Expression levels were quantified using 3DHistech software (Budapest, Hungary)—NuclearQuant. It is a color‐ and pattern‐based image analysis solution designed to identify different tissue elements in stained samples. Rather than relying on time‐consuming manual annotation, the software allows for automated detection and annotation of regions of interest, following a brief training on relevant tissue samples. To avoid misquantification, only areas within the lamina propria, excluding epithelial glands, were annotated, ensuring that the annotated regions consisted solely of inflammatory cells. The annotated areas included regions of the lamina propria that are larger than a specified size: on average, 0.35 mm2 for endoscopic submucosal dissection samples and 0.2 mm2 for biopsy specimens. We used the proportion obtained by dividing the counted cells by the annotated area (Figure 3).
FIGURE 3.
Methods for quantification of immunologic markers. Immune cells are automatically counted by NuclearQuant in the annotated areas of the lamina propria. Red circles indicate the positive immunostained (brown color) CD4 cells, whereas blue circles indicate the negative cells.
2.4. Statistical Analysis
The baseline characteristics, except age, lesion size, and follow‐up interval, were categorical variables and are presented as mean and standard deviation. All variables of histologic analysis were categorical and those of immunologic expression level were continuous. Chi‐squared test and Fisher's exact test were employed to compare categorical variables of clinicopathological factors between groups based on the development of metachronous gastric neoplasms. For non‐categorical variables in intergroup comparisons of clinicopathological characteristics, the t‐test was used. To evaluate immunohistochemical expression levels, the Wilcoxon signed‐rank test and Mann–Whitney U test were applied. Sub‐group analysis was conducted by classifying the study participants into various sub‐groups based on criteria such as baseline characteristics (age and sex), whether the pathology of the primary lesion was dysplasia or adenocarcinoma, and whether the pathology of the metachronous recurrent lesion was dysplasia or adenocarcinoma. When comparing immunologic expression levels, we attempted both pre‐ and post‐eradication comparisons within the same patient as well as comparisons between different groups. For sub‐group analysis based on recurrent lesions, only the matched control groups in a 1:1 ratio were extracted and analyzed.
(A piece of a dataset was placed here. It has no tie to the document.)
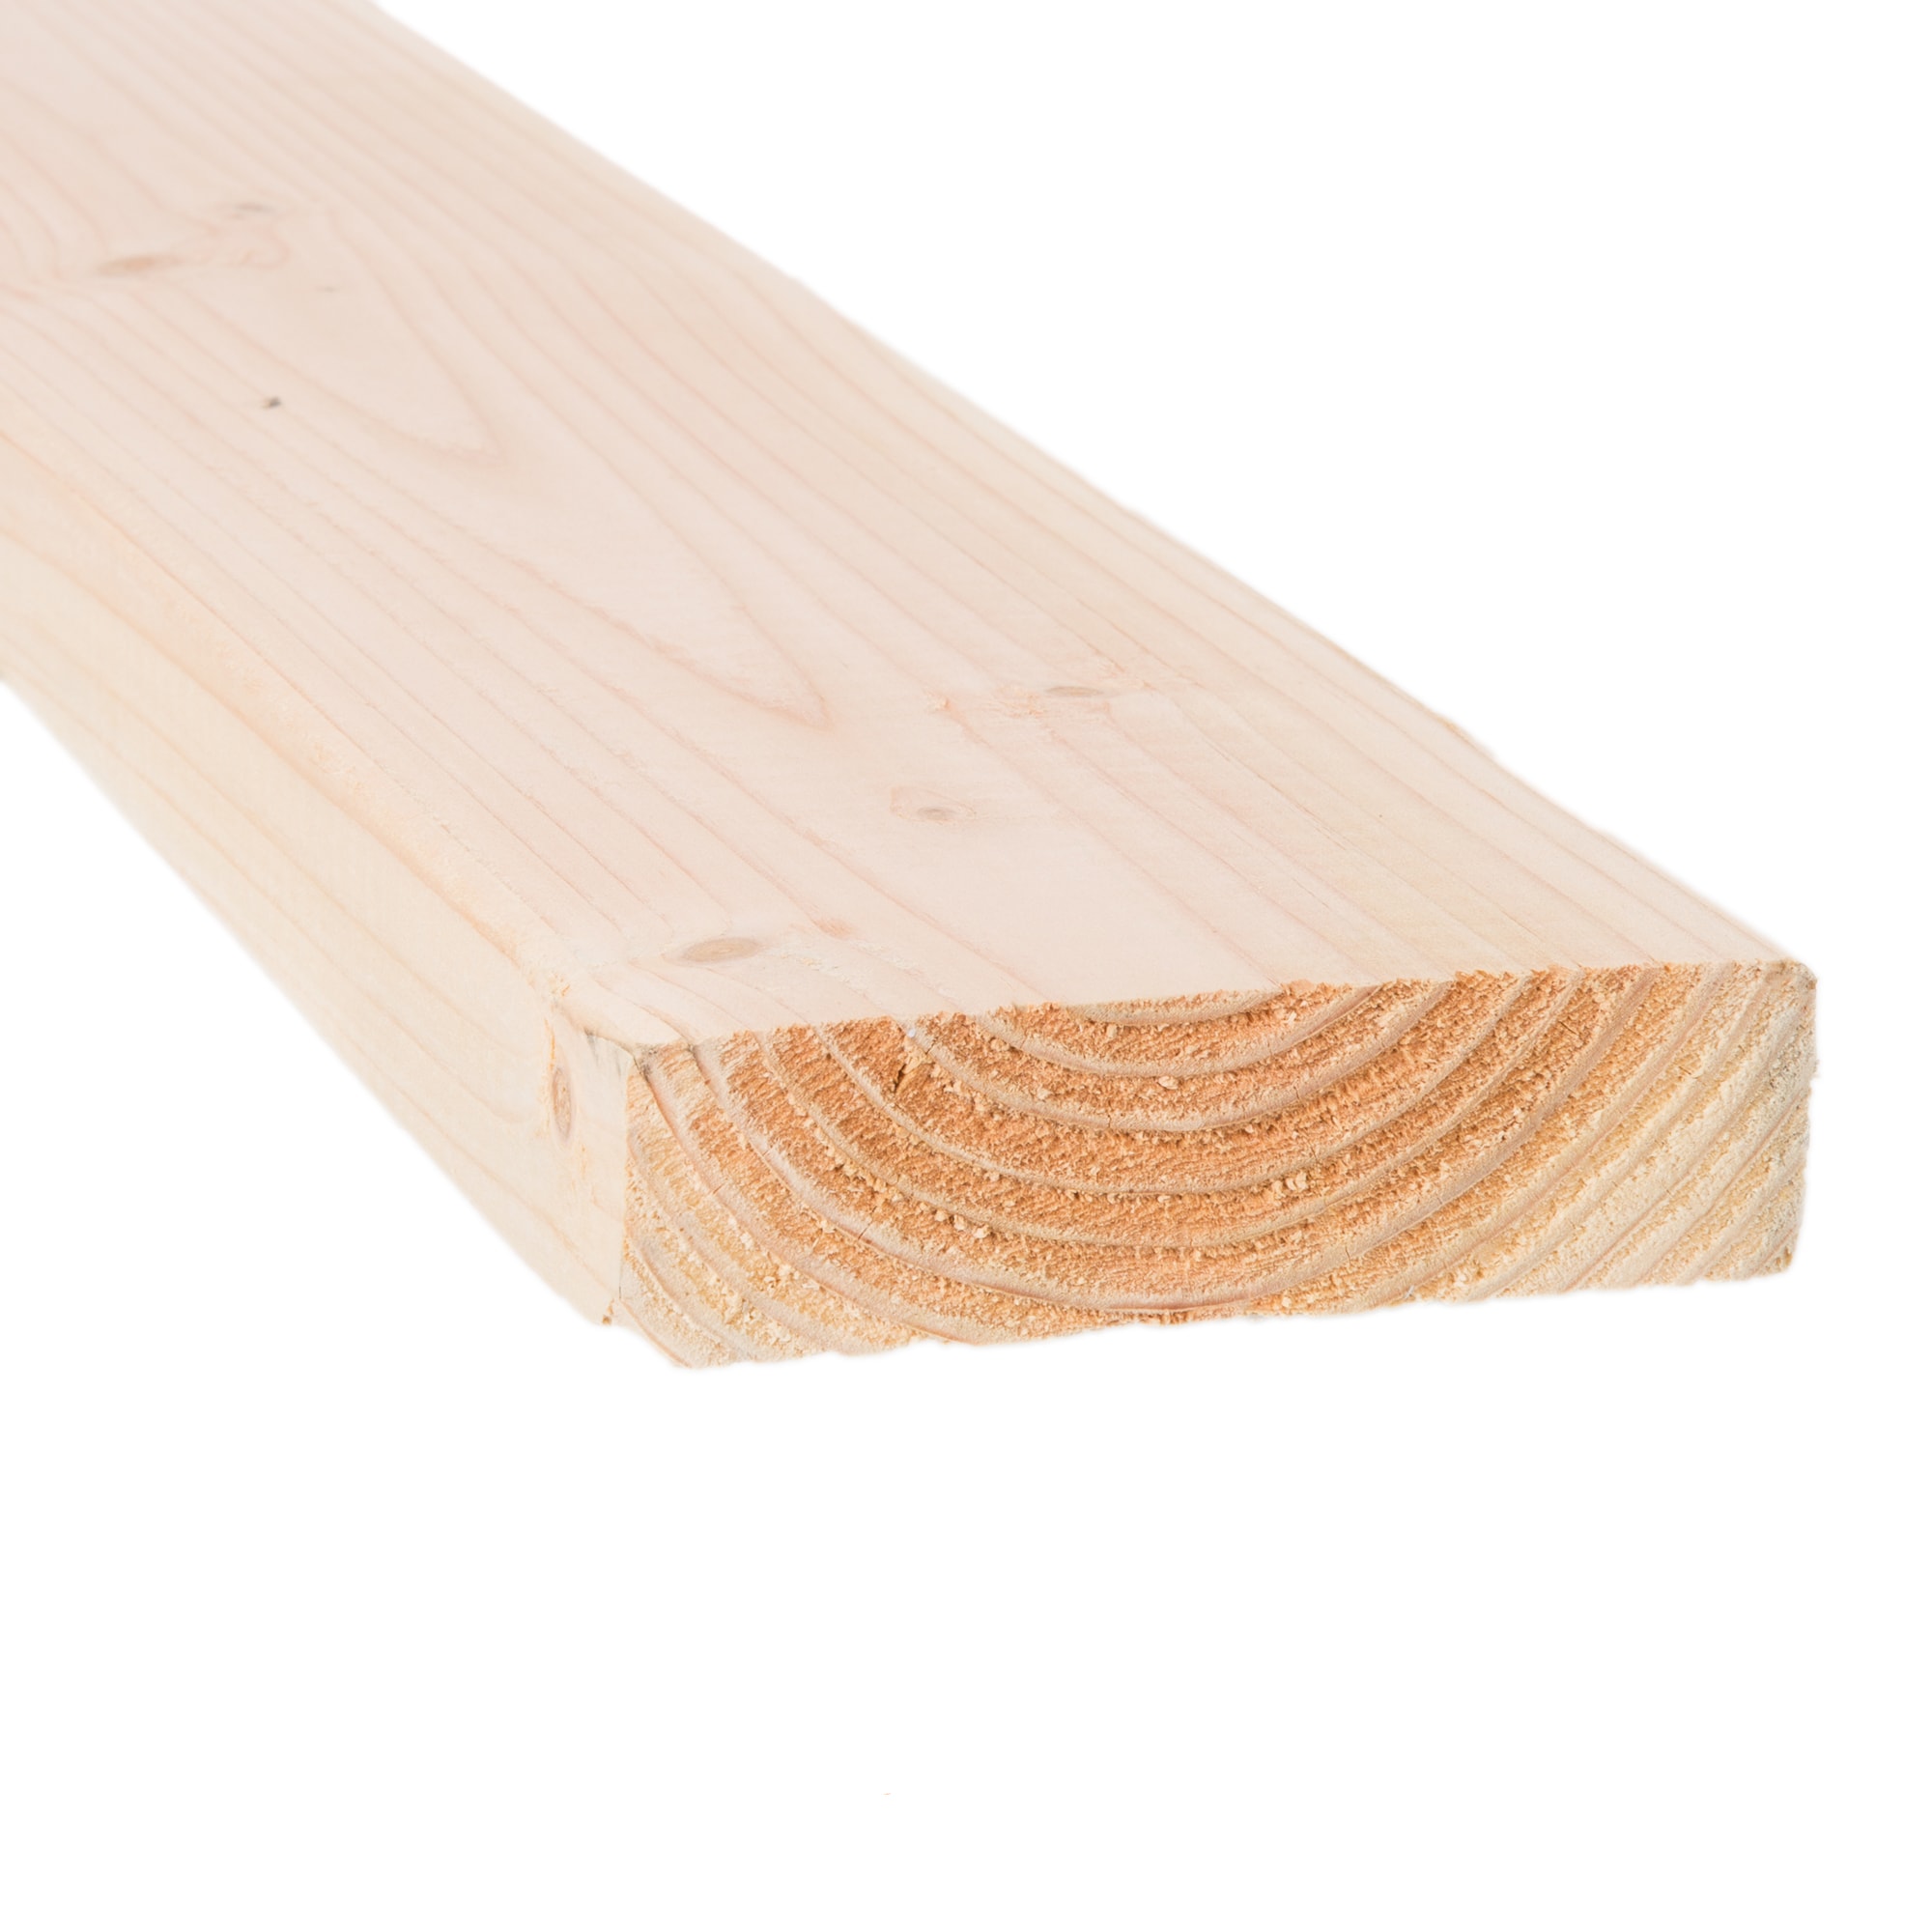 Dimensional Lumber at Lowes.com

All statistical analyses were conducted using IBM SPSS Statistics for Windows, version 28.0 (IBM Corp., Armonk, NY, USA). A p‐value of less than 0.05 was considered statistically significant.
3. Results
3.1. Baseline Characteristics
Of the 40 patients in the metachronous group, four were excluded because of tissue‐sample‐preservation abnormalities that precluded analysis, thus including a total of 36 patients in the study. Matched patients in the control group were also excluded, resulting in a total of 72 patients included in the two groups.
Table 1 shows the comparison of various clinical characteristics between the two groups. Age and sex showed no significant differences between the groups because we matched them when enrolling patients. The average lesion size, lesion location, gross appearance, and dysplasia/adenocarcinoma rates were not significantly different (p = 0.883, 0.06, and 0.116, respectively). The recurrence interval in the metachronous group was 1055.3 days, and the pathology follow‐up interval in the control group was 579.4 days.
TABLE 1.
Baseline clinicopathological characteristics of patients in two groups.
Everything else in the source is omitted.